For week 7, the task was to record book titles in several different formats and then read them into R. The book-data for this work is available in my github, and this document can be found on rpubs.
rm(list = ls())library(XML)
library(RCurl)
library(rlist)
library(jsonlite)
library(compare)
library(data.table)First we’ll get the HTML file. We’ll read it from github using RCurl’s getURL
html <-getURL("https://raw.githubusercontent.com/plb2018/DATA607/master/books/data_607_books.html")
html.table <- readHTMLTable(html)
html.table <- html.table[[1]]
html.table## title
## 1 Shackleton's Way: Leadership Lessons from the Great Antarctic Explorer
## 2 The Last Gentleman Adventurer: Coming of Age in the Arctic
## 3 The Great Explorers
## authors type pages ISBN10
## 1 Margot Morrel, Stephanie Capparell Paperback 256 0142002364
## 2 Edward Beauclerk Maurice Hardcover 416 0618517510
## 3 Robin Hanbury Tenison Hardcover 304 050025169X
## ISBN13 amazonRating reviewCount
## 1 978-0142002360 3.7/5.0 27
## 2 978-0618517510 5.0/5.0 1
## 3 978-0500251690 N/A 0
The data is loaded to the dataframe!
Next we load the XML file. We’ll read the data from github in the same way as the HTML file.

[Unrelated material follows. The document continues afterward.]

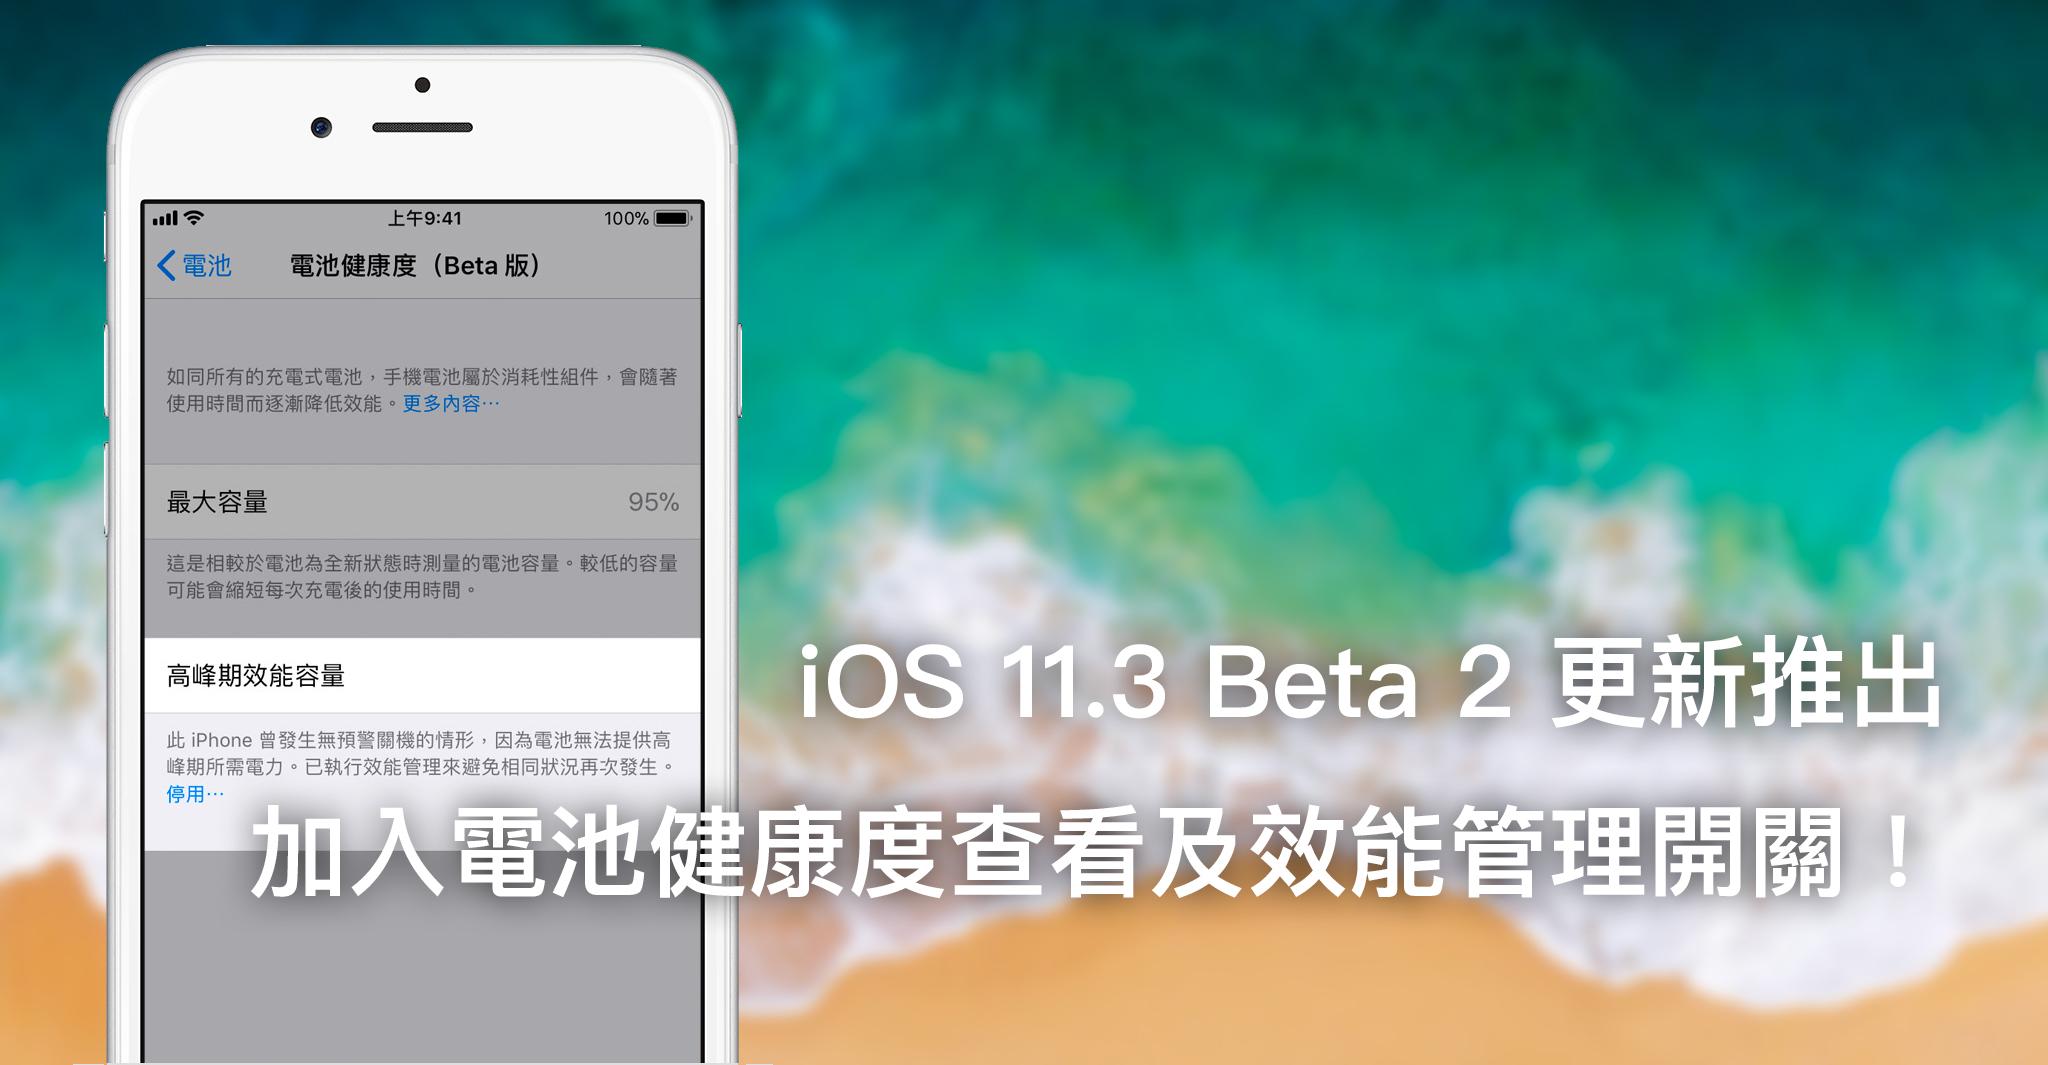 iOS 11.3 Beta 2 更新推出 加入電池健康度查看及效能管理開關!
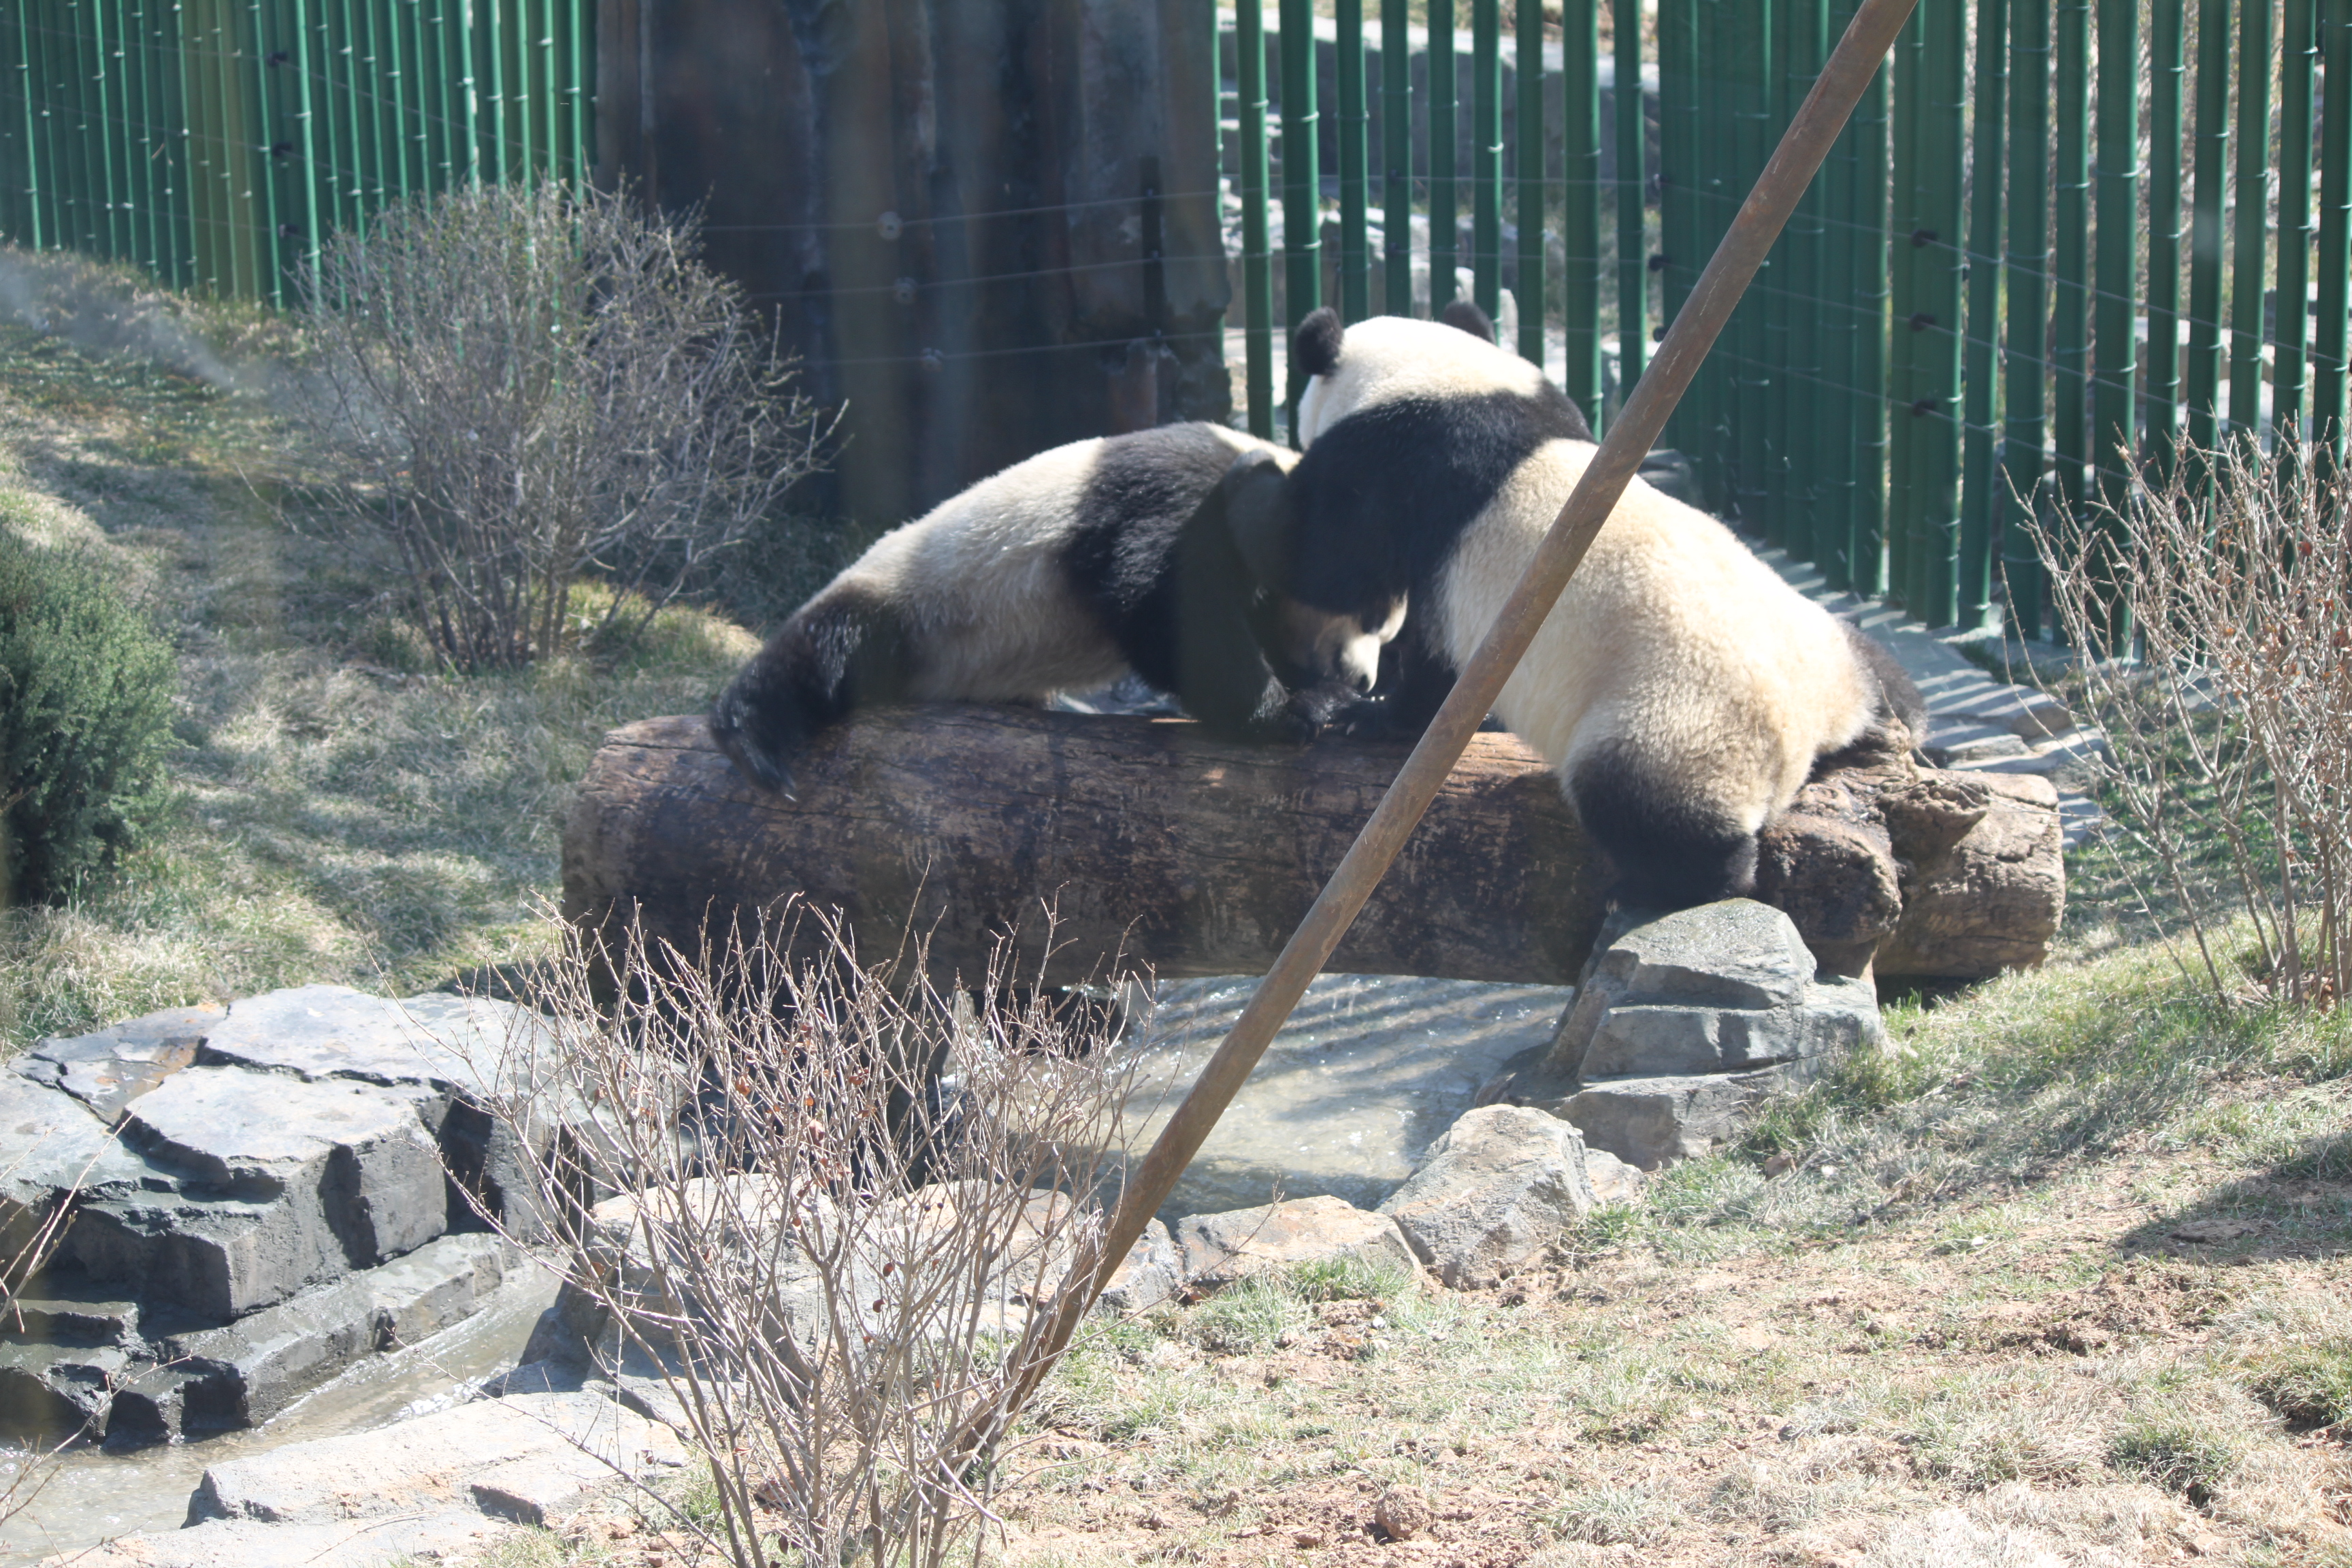 武林萌主大熊猫【取景于大连森林动物园熊猫馆】

xml.file <-getURL("https://raw.githubusercontent.com/plb2018/DATA607/master/books/data_607_books.xml")
xml <- xmlParse(xml.file)
xml.table <- xmlToDataFrame(xml)
xml.table## title
## 1 Shackleton's Way: Leadership Lessons from the Great Antarctic Explorer
## 2 The Last Gentleman Adventurer: Coming of Age in the Arctic
## 3 The Great Explorers
## authors type pages isbn10
## 1 Margot Morrel, Stephanie Capparell Paperback 256 0142002364
## 2 Edward Beauclerk Maurice Hardcover 416 0618517510
## 3 Robin Hanbury Tenison Hardcover 304 050025169X
## isbn13 amazonRating reviewCount
## 1 978-0142002360 3.7/5.0 27
## 2 978-0618517510 5.0/5.0 1
## 3 978-0500251690 N/A 0
Once again, the data is loaded to the dataframe without issue!
We’ll now load the JSON using jsonlite:
json.file <-getURL("https://raw.githubusercontent.com/plb2018/DATA607/master/books/data_607_books.json")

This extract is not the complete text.